Received a Golden Award in 1992 from the Motion Picture Screen Cartoonists Animation Guild.

Also won an award from CBS for his direction of the series, Hot Wheels, for Best Saturday Morning Animation show.

John Freeman began his animation career at Walt Disney Productions when he was 22 years old. He had been honing his skills as a cartoonist and in preparation for his interview at the studio, he made his own "reel," a demonstration of his artistic ability. He was hired within twenty minutes.

After a brief stint in the army (drafted) he returned to work at the Disney studio, where he began as an inbetweener on Fantasia and worked at Disney's for sixteen years, animating on features such as Peter Pan, Lady and the Tramp, and also animated some Disney 'shorts'.

He was a "story man" and often was the point or front person for promoting various Disney projects. For example, some of his drawings and other artwork for Lady and the Tramp were published in the Chevrolet Friends magazine in 1955.

John also innovated the amphitheater-style of seating while teaching life drawing at Disney's wherein the artists could view and sketch the model from various vantage points.

John went on to work at TV Spots in San Francisco in 1956, where he immediately went to work laying out, animating, and completing camera-ready finished drawings for four one-minute spots within one week on six hours sleep, and met the deadline for all four agencies. "Everybody was happy as hell. Those people up there thought I was Paul Bunyan or something."

His animation, direction, and/or writing ability shone in some notable TV specials such as It's the Great Pumpkin, Charlie Brown, Clerow Wilson and the Miracle of P.S. 14, The Incredible, Indelible, Magical Physical, Mystery Trip, Dr. Seuss on the Loose, The Bear Who Slept Through Christmas and The Hoober-Bloob Highway. While at the Disney studio, he worked with Bing Crosby and Orson Welles on production at Marvel Studios.

Numerous other projects include Transformers, The Flintstones, and several afternoon specials for television.

In 1981, John Freeman was also asked to travel to Madrid, Spain, to animate on Katy the Caterpillar at the Moro Creativos Asociados Studio.

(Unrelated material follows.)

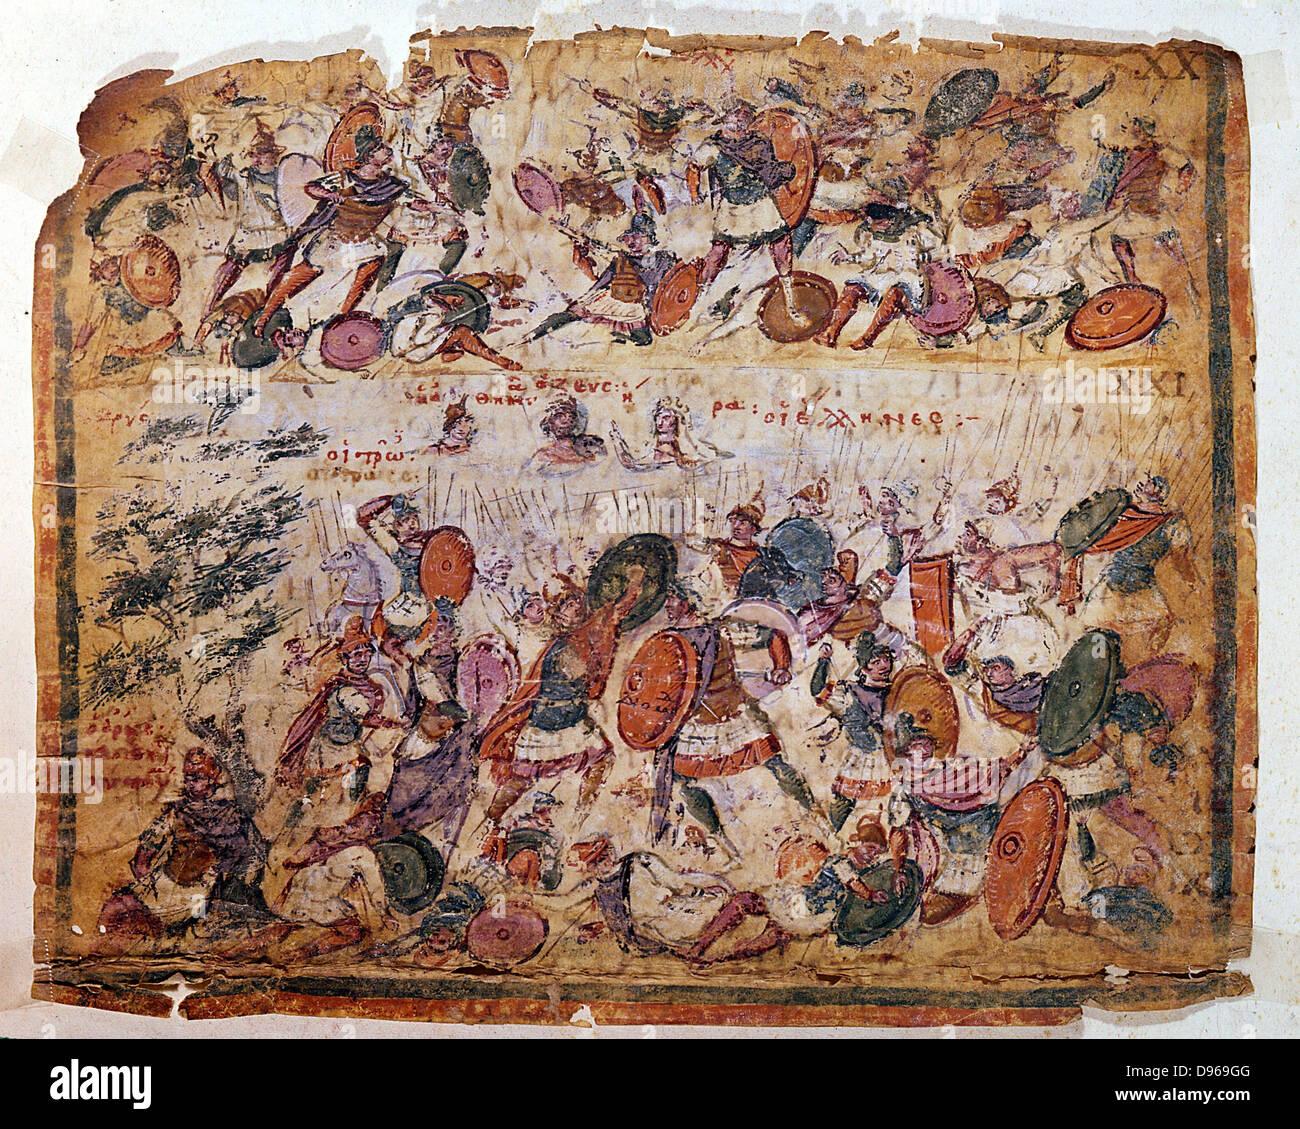 Battle scene from a manuscript of Homer 'Iliad' c300 AD. Biblioteca Ambrosiana Milan. - Stock Image

Other studios where he lent his talents were: Hanna-Barbera Productions, Marvel Productions (Studios), Ruby-Spears, Ed Graham, Pantomime, and DePatie-Freleng Enterprises. - See more at: http://www.legacy.com/obituaries/latimes/obituary.aspx?n=john-h-freeman&pid=138309453#sthash.IUdGoert.dpuf

==Death==
Freeman died in Burbank, California on January 1, 2010, at the age of 93.

==TV specials==
- It's the Great Pumpkin, Charlie Brown (1966)
- Clerow Wilson and the Miracle of P.S. 14 (1972)
- The Incredible, Indelible, Magical Physical, Mystery Trip (1973)
- Dr. Seuss on the Loose (1973)
- The Bear Who Slept Through Christmas (1973)
- The Hoober-Bloob Highway (1975)

==TV series==
- Bailey's Comets (1973–1975)
- The Oddball Couple (1975)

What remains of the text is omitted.